Il secondo passo è lavorare sulla precisione della nostra comunicazione, al fine di usare uno stile che risulti sia assertivo sia non violento, per costruire ogni giorno relazioni sempre più autentiche e rispettose.
Il terzo passo è lavorare su noi stessi e sul nostro livello di consapevolezza, magari con l’aiuto di un coach o un mentore, in modo da evolvere al di sopra delle ragioni che spesso generano conflitti evitabili quando mettiamo in campo una maggiore padronanza e presenza rispetto al contesto e alle sue dinamiche relazionali.
Analisi dei conflitti
Affinché tutto questo sia possibile e i conflitti siano effettivamente gestiti quando non sia stato possibile prevenirli, è infatti importante mettere in atto un processo puntuale di analisi del contesto.
Cosa significa ciò?
Prima di tutto, è importante approfondire la conoscenza delle persone che compongono l’organizzazione, non solo a livello comportamentale bensì anche di neuro-design, valoriale, aspirazionale e di dinamiche relazionali.
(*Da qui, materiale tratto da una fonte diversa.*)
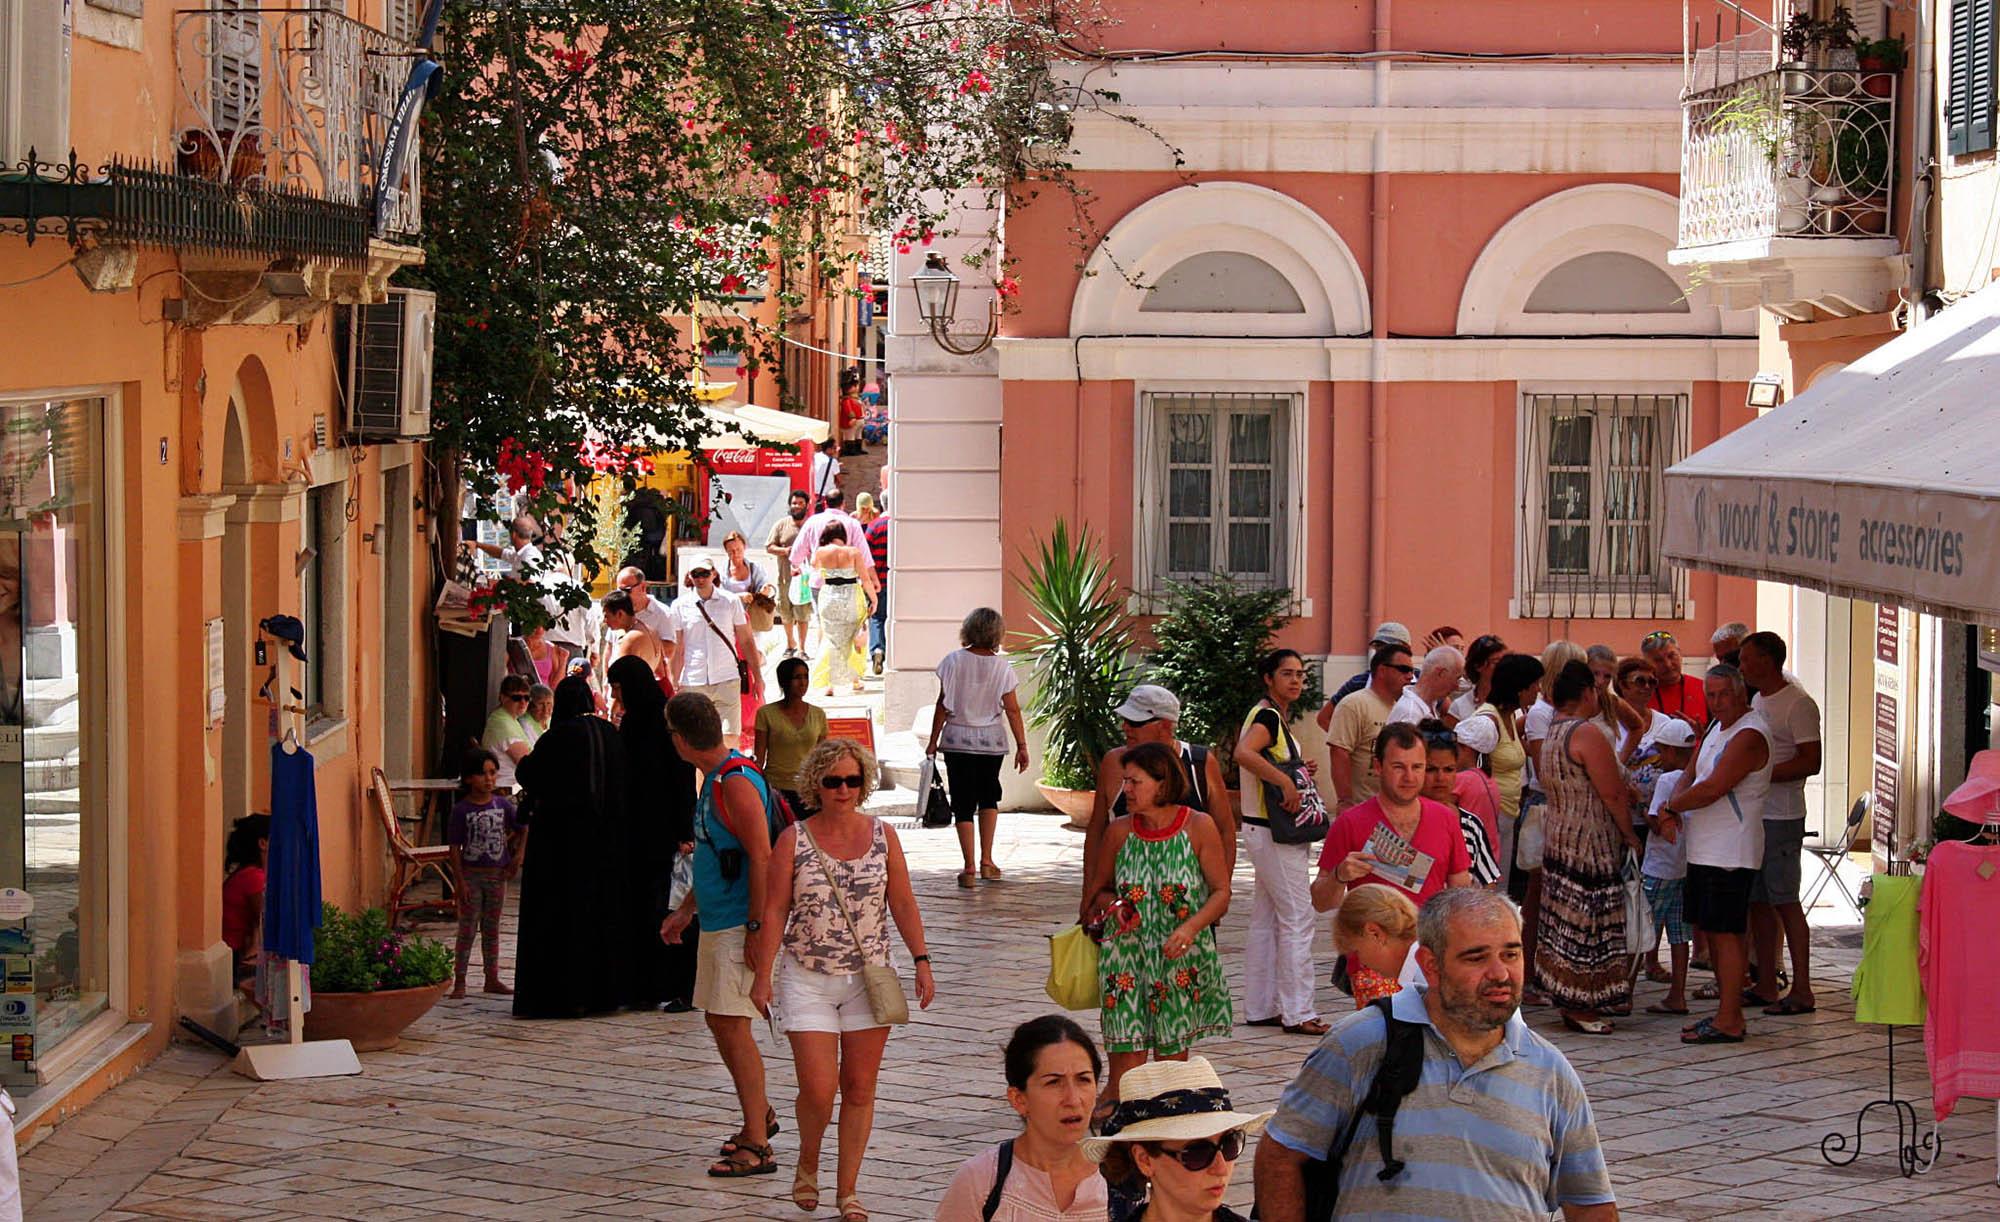 Guide me in Greece tours - Corfu private tour

La conoscenza sottrae carica emozionale a situazioni che dovrebbero essere trattare come oggettive e, invece, evolvono in questioni personali.
In seconda istanza, bisogna impegnarsi a lavorare sulle oggettive carenze organizzative, comunicative e operative con le quali le persone si confrontano nel corso della loro attività operativa, perché non c’è nulla di più deleterio della sensazione di remare con una racchetta da tennis: il senso di inutilità dei propri sforzi vanificherà qualsiasi tentativo di conciliazione.
Infine, è necessario comprendere ed eventualmente correggere il livello di coerenza tra quanto dichiarato sul piano della vision e mission aziendali e quanto effettivamente viene comunicato e attuato nella quotidianità. Coerenza e congruenza sono la base minima indispensabile per creare un ambiente all’interno del quale il conflitto sia correttamente accettato, gestito e trasformato in momento di crescita per tutte le persone coinvolte.